Attention is drawn in this connection to how matters relating to
the Union excise duties and sales tax were examined in detail
much earlier by the Fourth Finance Commission to invite attention
to how the resort to the VAT could make a justiciable sharing of
the indirect tax sharing even more difficult than it is at
present.
The Commission pointed out quite bluntly that any dilution of
their power relating to sales tax ``would mean a setback to their
efforts for the growth of industry and trade.''
The author examines matters relating to objections about
``alleged administrative and compliance costs associated with the
VAT could lead to larger tax evasion and overstated claims for
tax credit and concerns expressed by trade unions regressively of
the VAT'' raised in Australia. Nevertheless the attractions held
out by the VAT led to its being seen as the ``Mata Hari of the
tax world''. As a broad-based tax measure it holds out the hope
of generating large and buoyant revenue and expands the range of
taxable goods without having any adverse impact on the growth in
production.
To ensure that the VAT lives up to the hopes reposed on it will
require error proof administrative measures. The decision of the
U.S. Government not to resort to the VAT, in spite of its having
been interested in it for many years, and its not being satisfied
with its existing states' retail taxes, arises from its anxiety
not to usurp the powers of sales taxation by the states.
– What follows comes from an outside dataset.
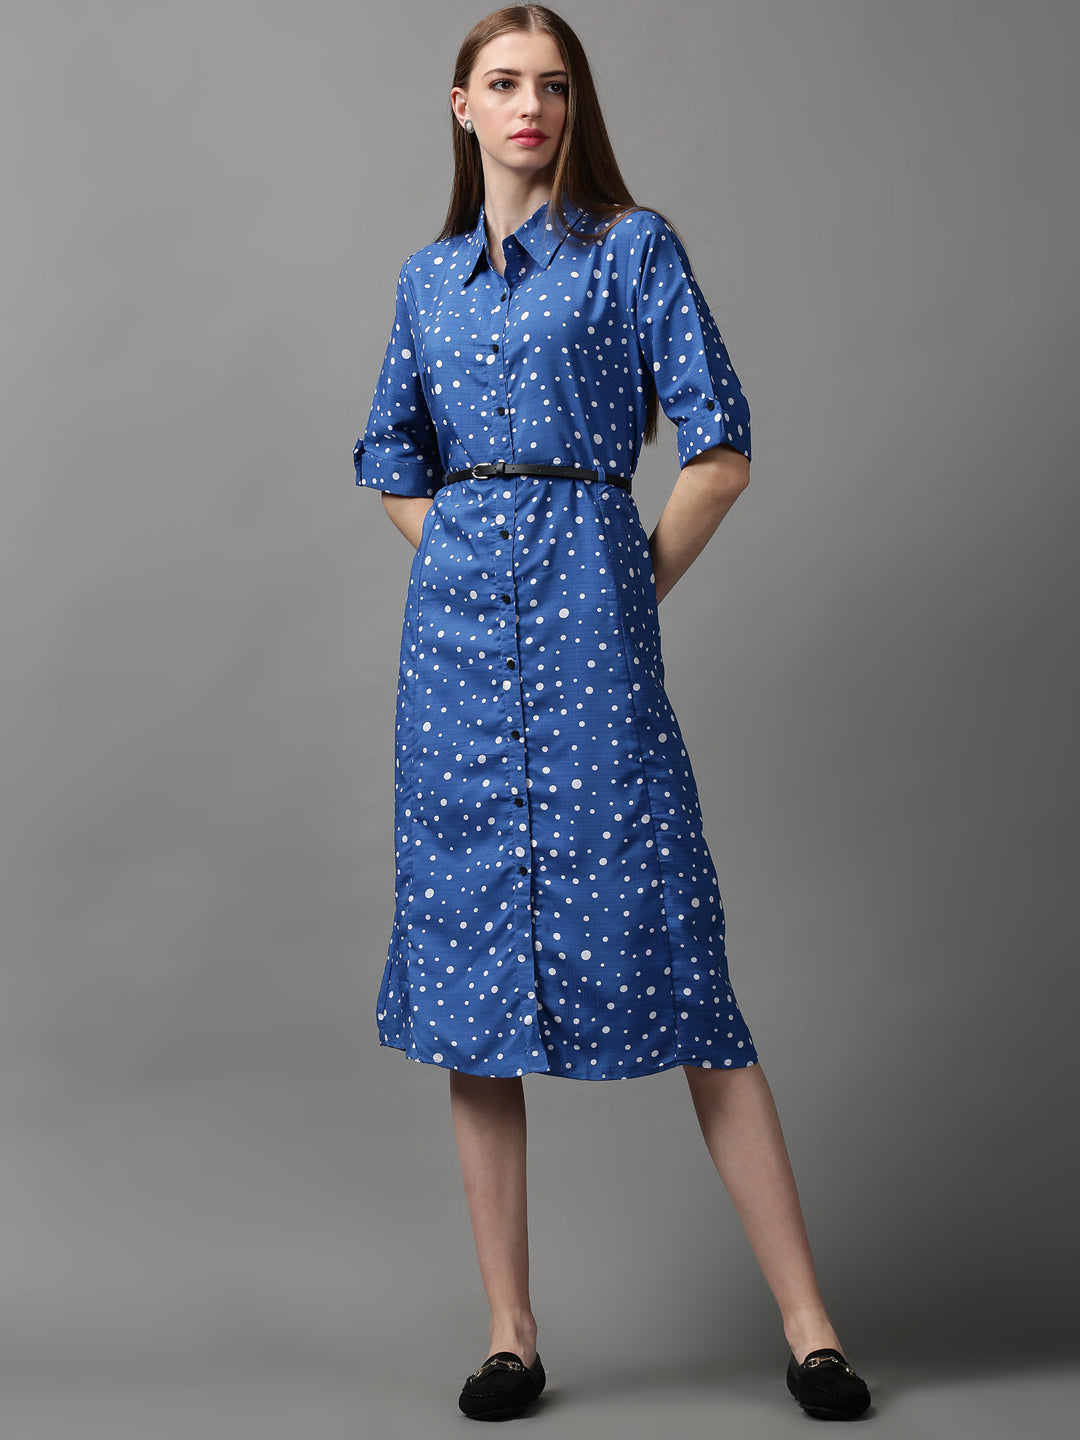 Women's Blue Printed A-Line Dress

Dr. Gurumurthi also examines the ``origination'' and
``destination'' principles thrown up by questions arising from
whether the VAT should be levied at the point of production or at
the stage of being a finished good. He points out that the origin
principles would introduce production inefficiencies and implies
a certain degree of positive or negative protection of domestic
production for each country depending on its tax rate relating to
its trading partners.
Among the other points examined by the author is the Modified
Value Added Tax (MODVAT) to which increasing attention is now
being given by finance ministers and administrators. He takes
note of the fact that the principle of MODVAT has not appreciably
reduced the complexity of tax administration with the tax rates
still being replete with multiple in their incidence and the
exemptions they provide for.
But the Tax Reforms Committee headed by Dr. Raja Chelliah,
recommended for the extension of the MODVAT at the Centre to most
commodities and the rationalisation of the sales tax system at
the state level. It also recommended the extension of the central
sales tax system to the wholesale stage which should be defined
as traders buying from the manufacturers and selling to other
manufacturers or traders. Among the benefits claimed for the VAT
is that it is ``less distortionary than other forms of
taxation.''
The author's exhaustive study of the VAT does full justice to a
subject which does not lend itself to a facile analysis.